__BRIEF__
Everything in the listing should be set down exactly, apart from the pictures.

START DATA SECTION

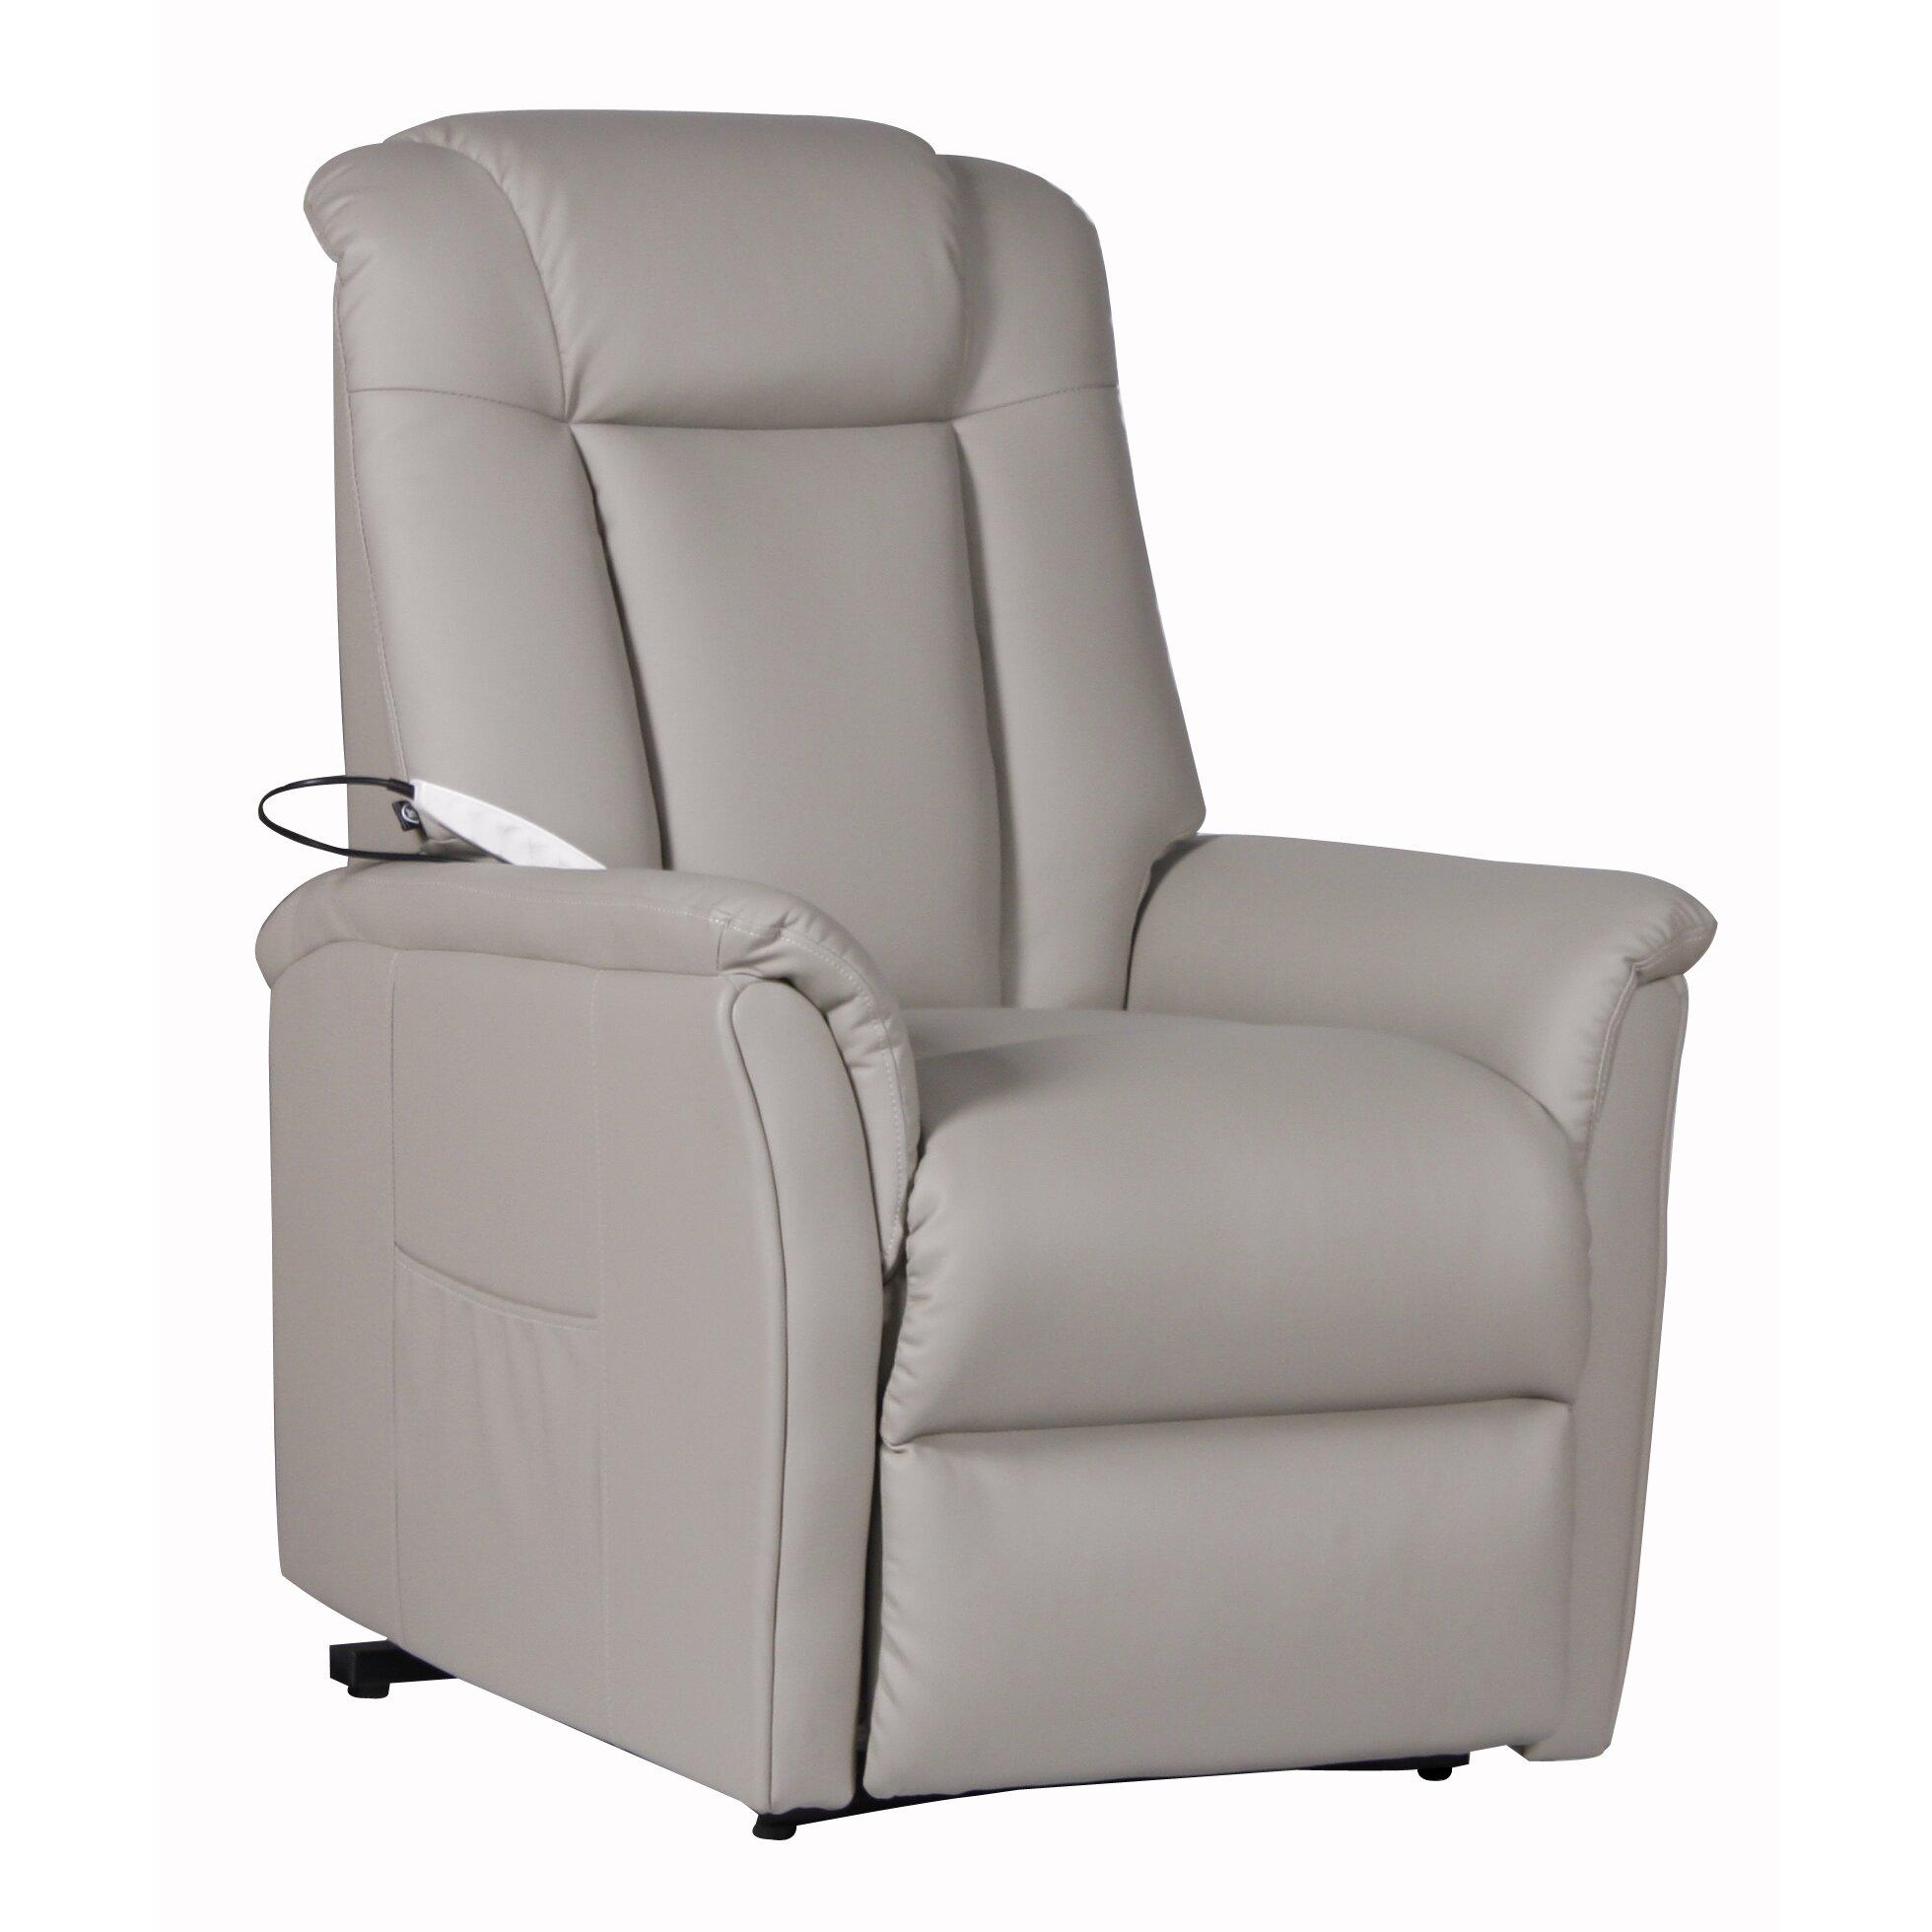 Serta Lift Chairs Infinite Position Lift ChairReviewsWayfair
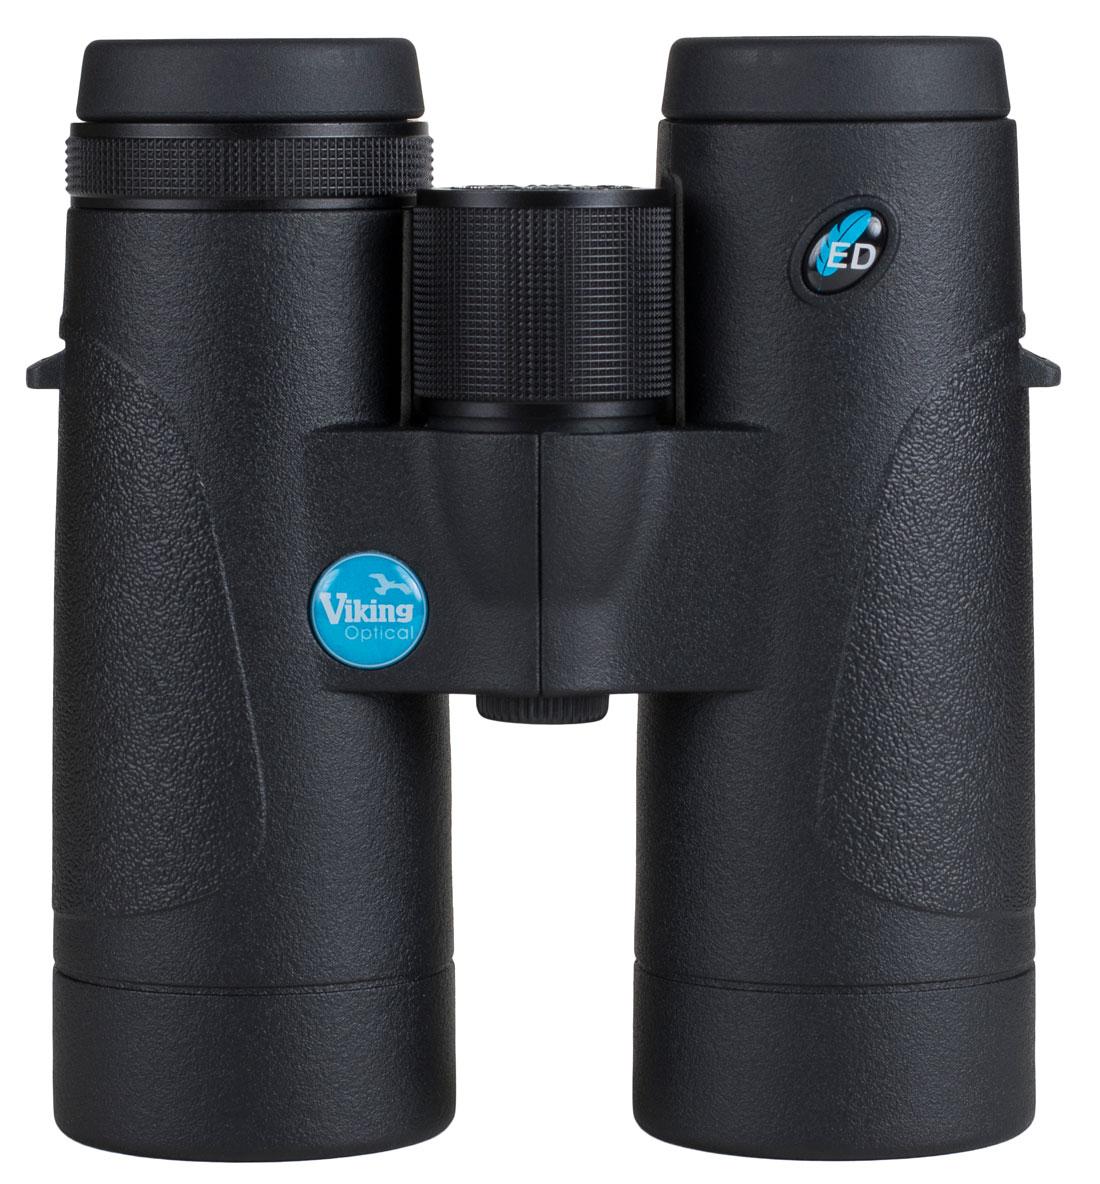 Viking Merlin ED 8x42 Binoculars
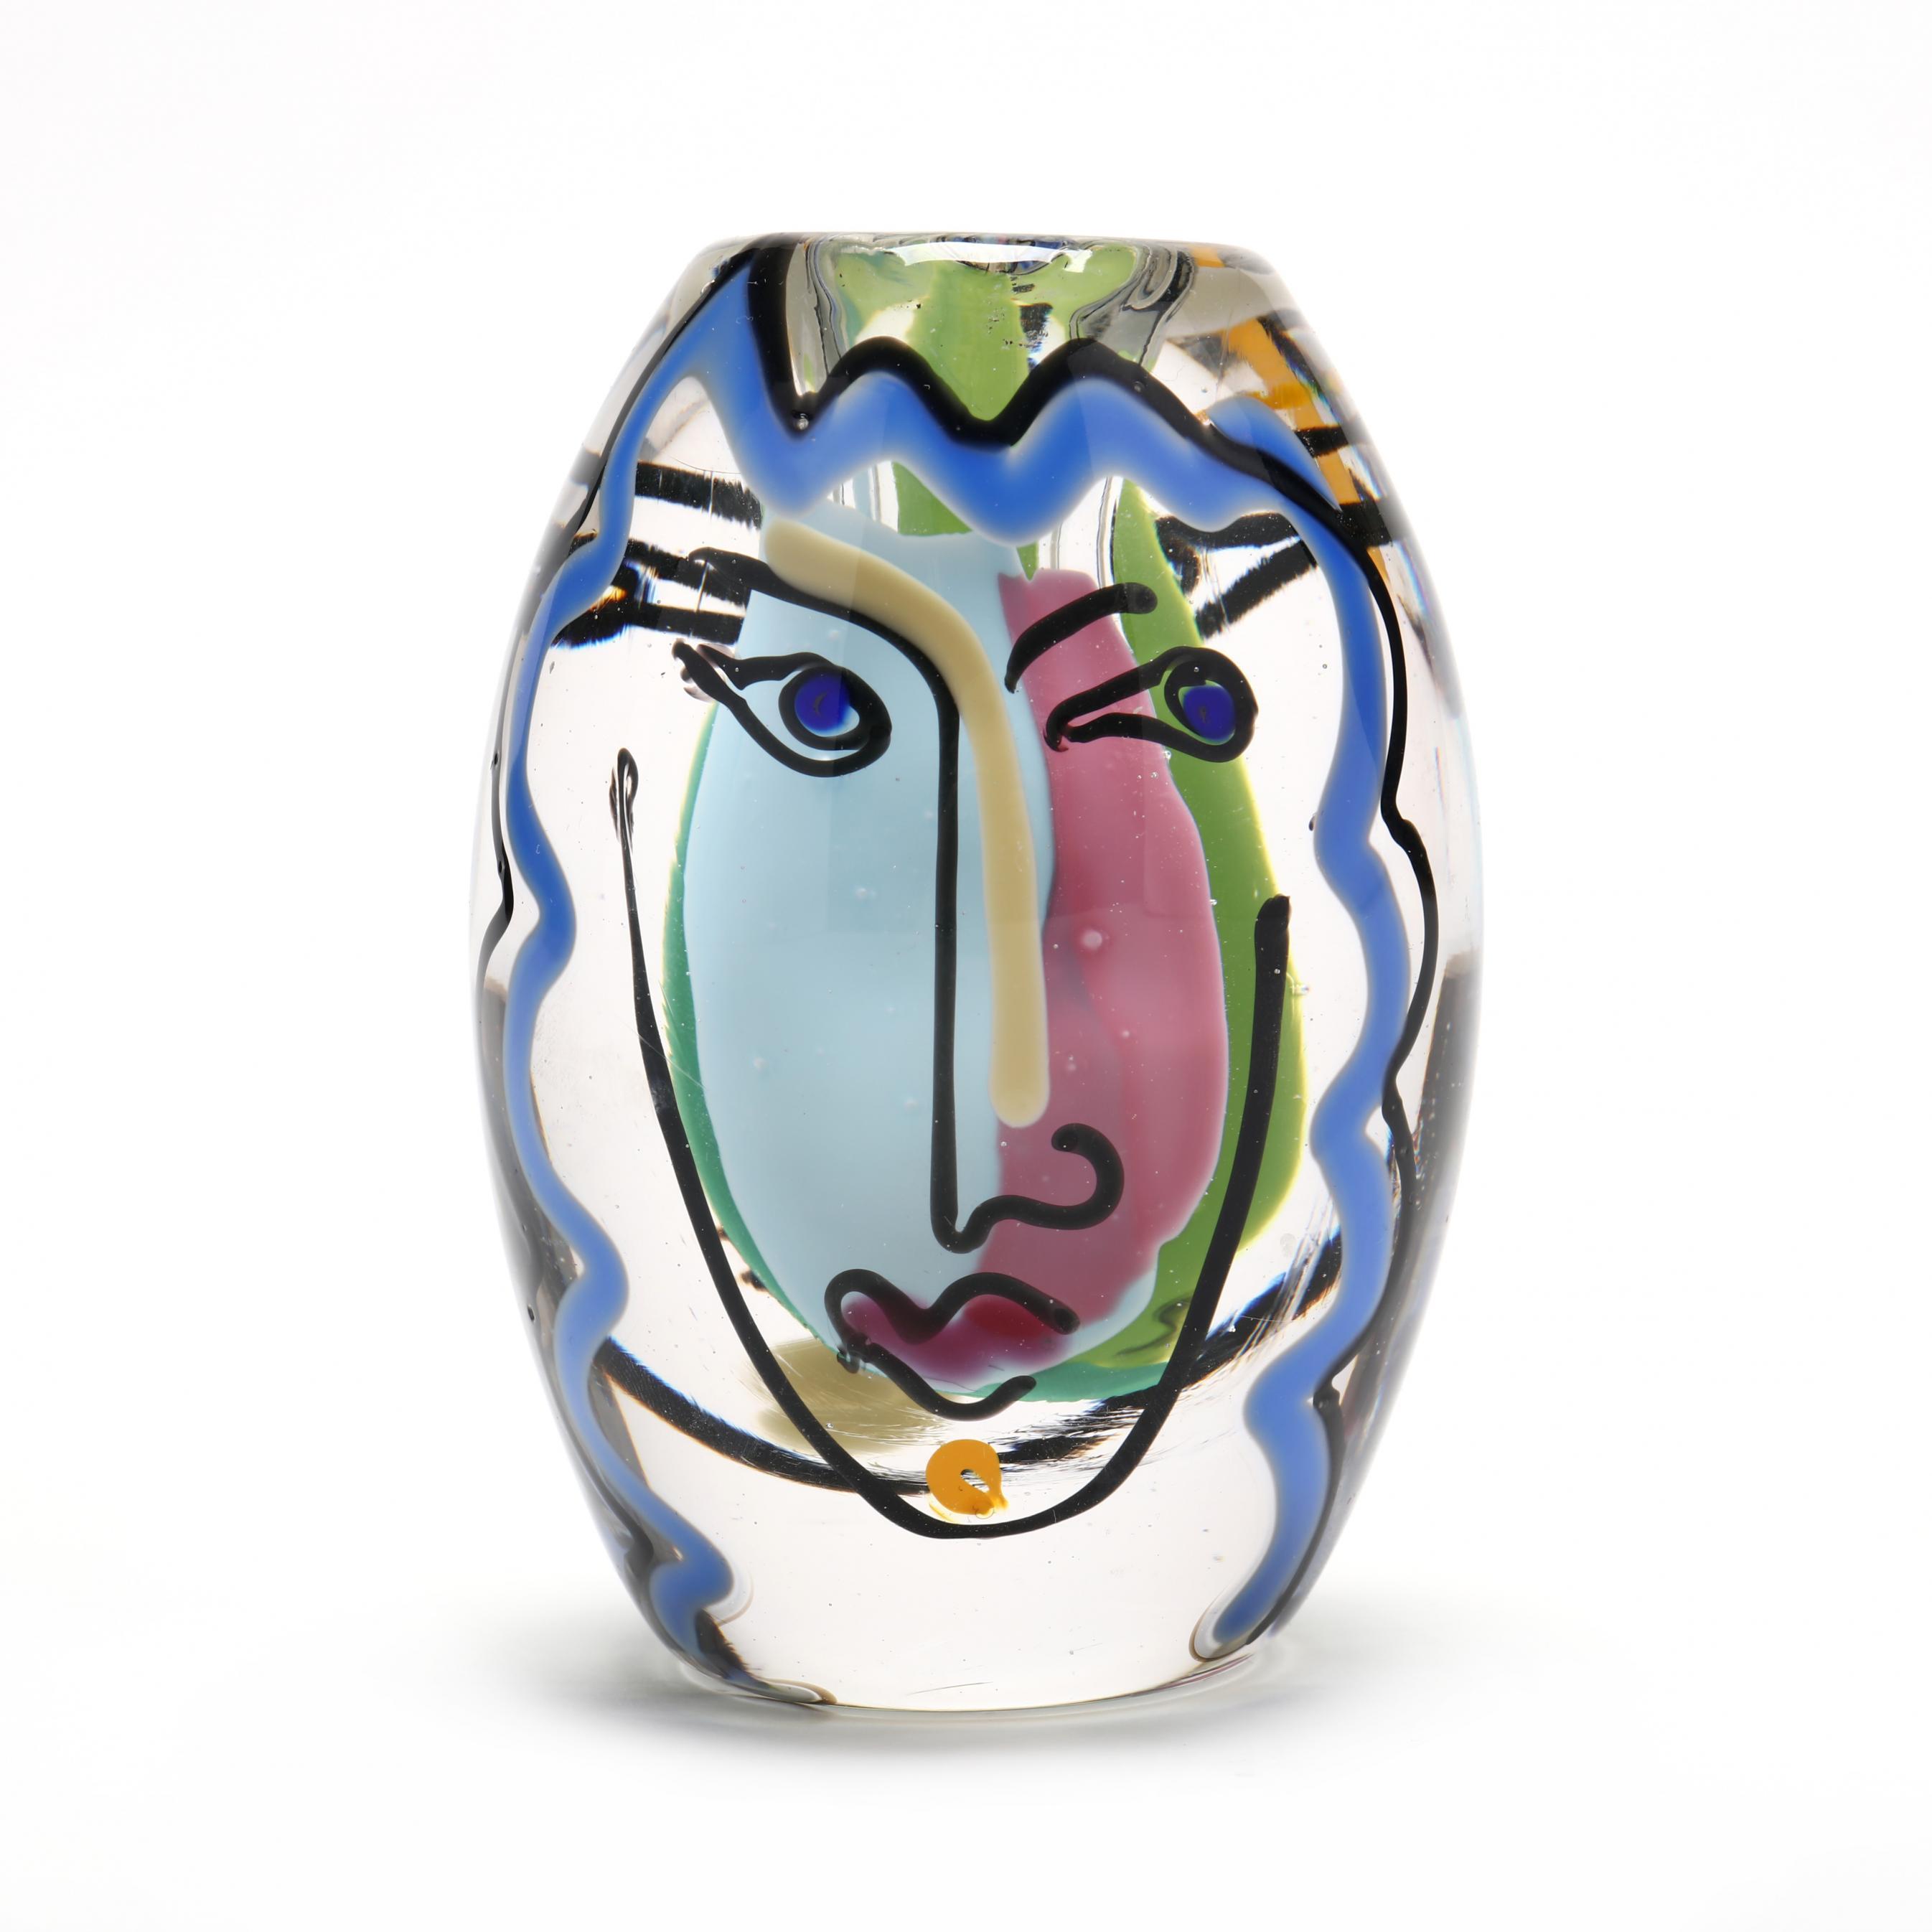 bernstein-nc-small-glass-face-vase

END DATA SECTION

__WORKED SOLUTION__
 Serta Lift Chairs Infinite Position Lift ChairReviewsWayfair
 Viking Merlin ED 8x42 Binoculars
 bernstein-nc-small-glass-face-vase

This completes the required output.